Syringobulbia (SB) refers to a longitudinally oriented fluid-filled cavity within the brain stem. It is intimately associated with syringomyelia (SM), which is more common [1-3]. Many conditions can cause syringobulbia, including posterior fossa or spinal cord neoplasms, inflammatory disorders (e.g., arachnoiditis and meningitis), and Chiari malformations [1, 4]. SM occurs in CM-I patients at an incidence of 80%, [5] whereas case reports of CM-1-associated SB are rare. Studies of each disorder, however, have only a limited number of patients. Menezes et al. recently reported a series of 326 pediatric CM-I patients, with only 13 (4%) identified as having secondary SB [6]. Because of the rarity of SB, its manifestations, treatment methods, and long-term prognosis are still not established. We therefore conducted a systematic review to clarify the clinical characteristics of these patients.

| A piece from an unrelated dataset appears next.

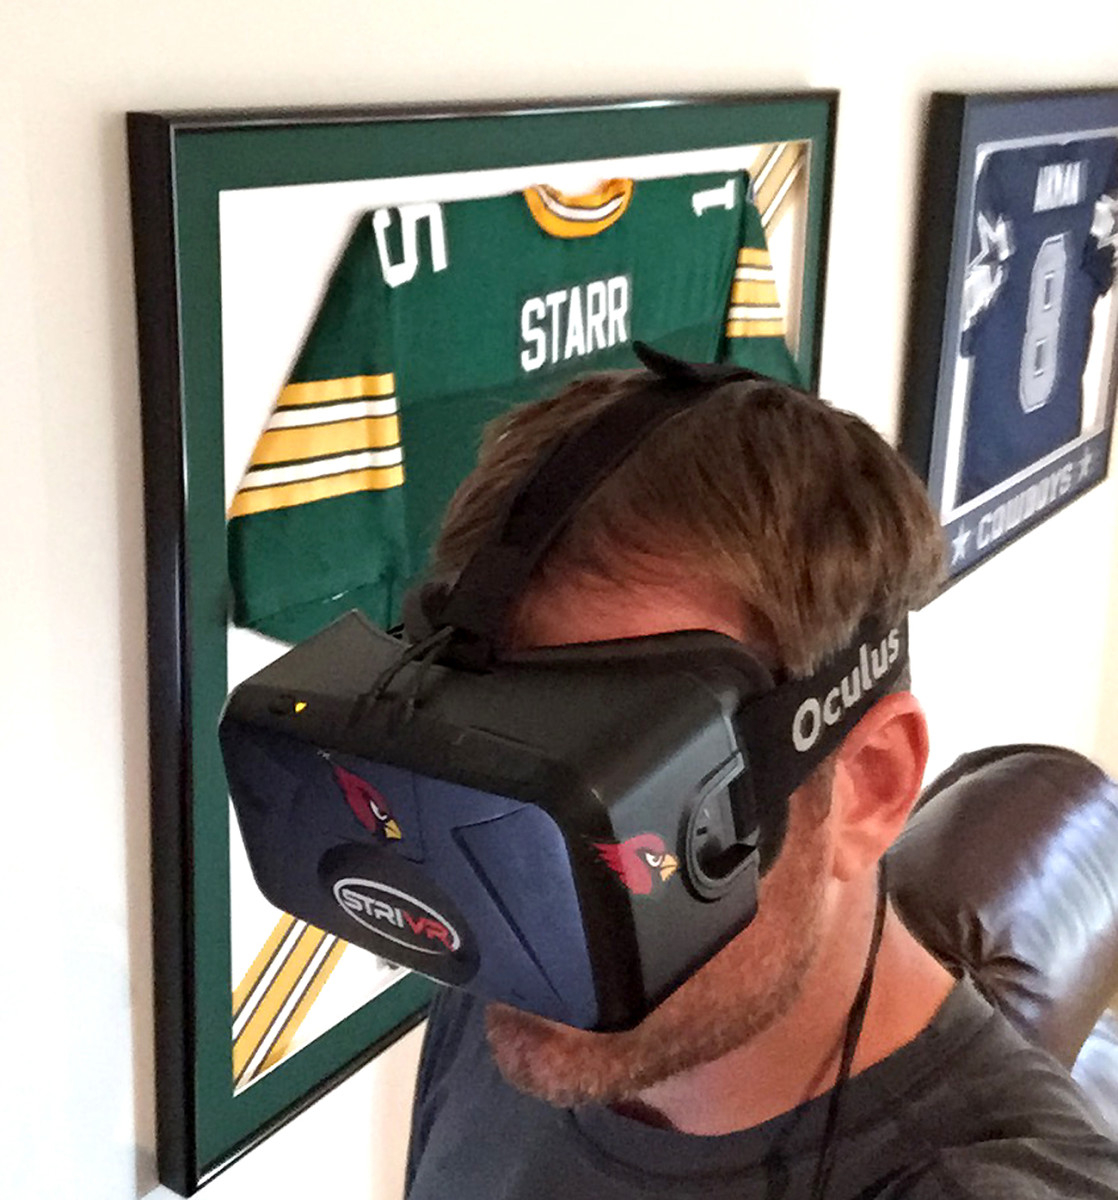 “I don’t buy in to all the new technology, but I am all in on this.” Palmer with the STRIVR virtual reality headset.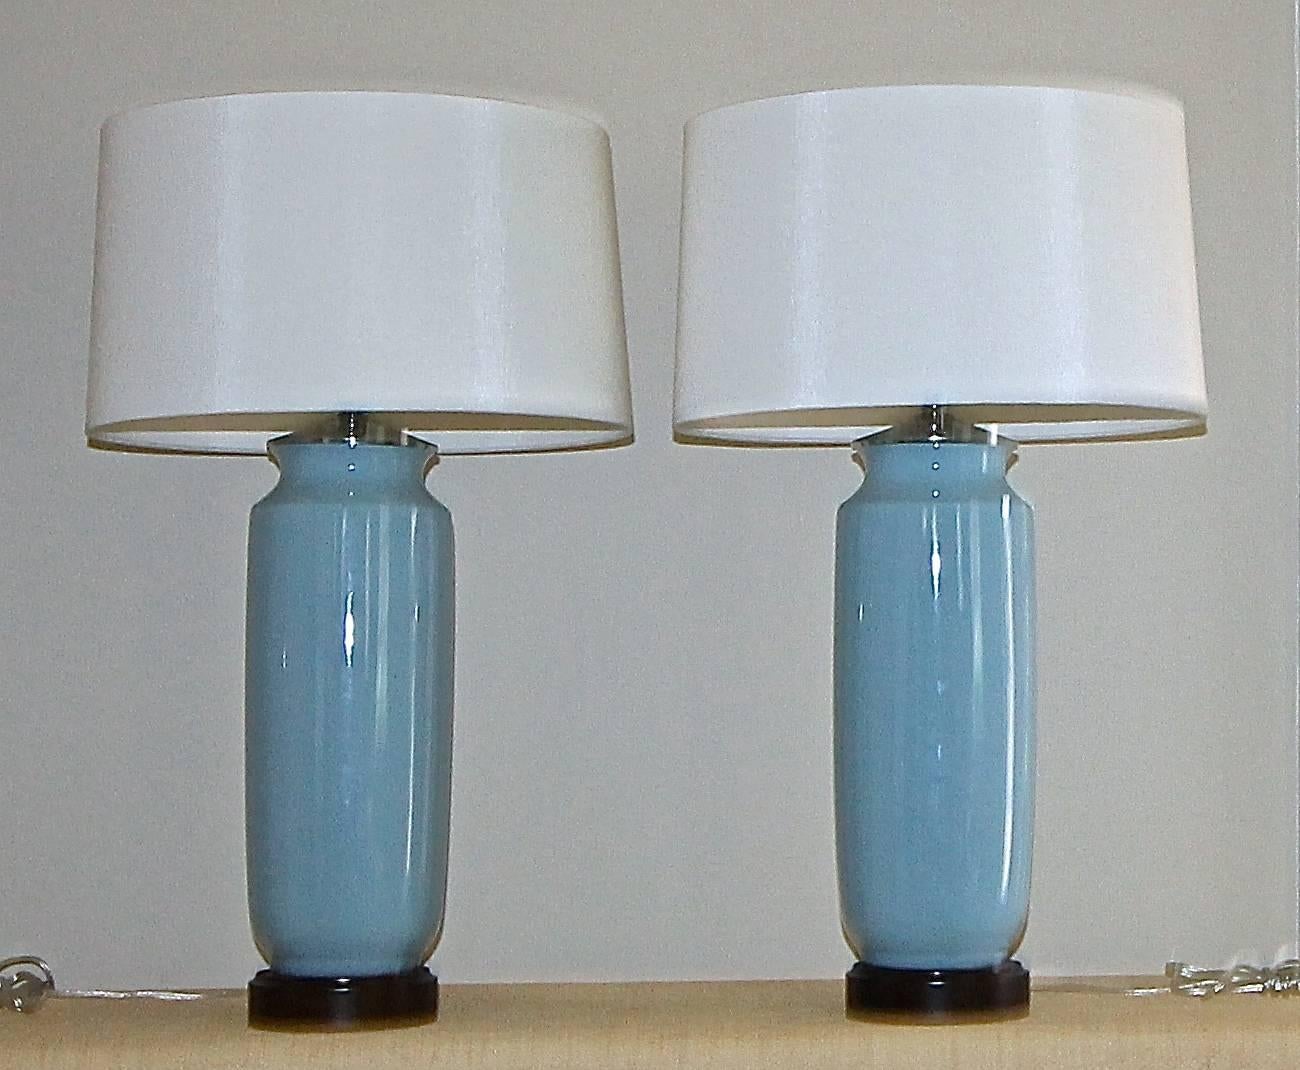 Pair of high end custom pale blue ceramic lamps on turned wood bases in dark brown finish. Nickel finish fittings and newly wired with full range dimmer sockets. White fabric shades are included. Overall height including shades 28", height

2. Literature Search Strategy

This systematic review was conducted according to PRISMA (Preferred Reporting Items for Systematic Reviews and Meta-Analyses) guidelines and recommendations. Two reviewers (J.S., K.Y.H.) independently performed a literature search. PubMed, Ovid MEDLINE, and Web of Science databases were searched from their dates of inception to August 2018 using combinations of the following terms: “Arnold–Chiari malformation/Chiari malformation,” “type 1,” “tonsillar herniation,” “syringobulbia,” “syringomyelia,” and “syringitis/syrinx.” The reference lists of all retrieved articles were reviewed for identification of further potentially relevant studies.

2.1. Selection Criteria

Eligible case reports were systematically assessed using the following inclusion criteria: (1) diagnosis of CM-I with syringobulbia confirmed by magnetic resonance imaging (MRI) and (2) case reports and/or case series. Exclusion criteria were (1) presence of syringobulbia secondary to other causes (e.g., trauma, tumor, and shunt device malfunction) and (2) no syringobulbia identified on MRI. All publications were limited to those involving human subjects and those written in the English language. Editorials and expert opinions were excluded. Review articles were omitted because of potential publication bias and duplication of results.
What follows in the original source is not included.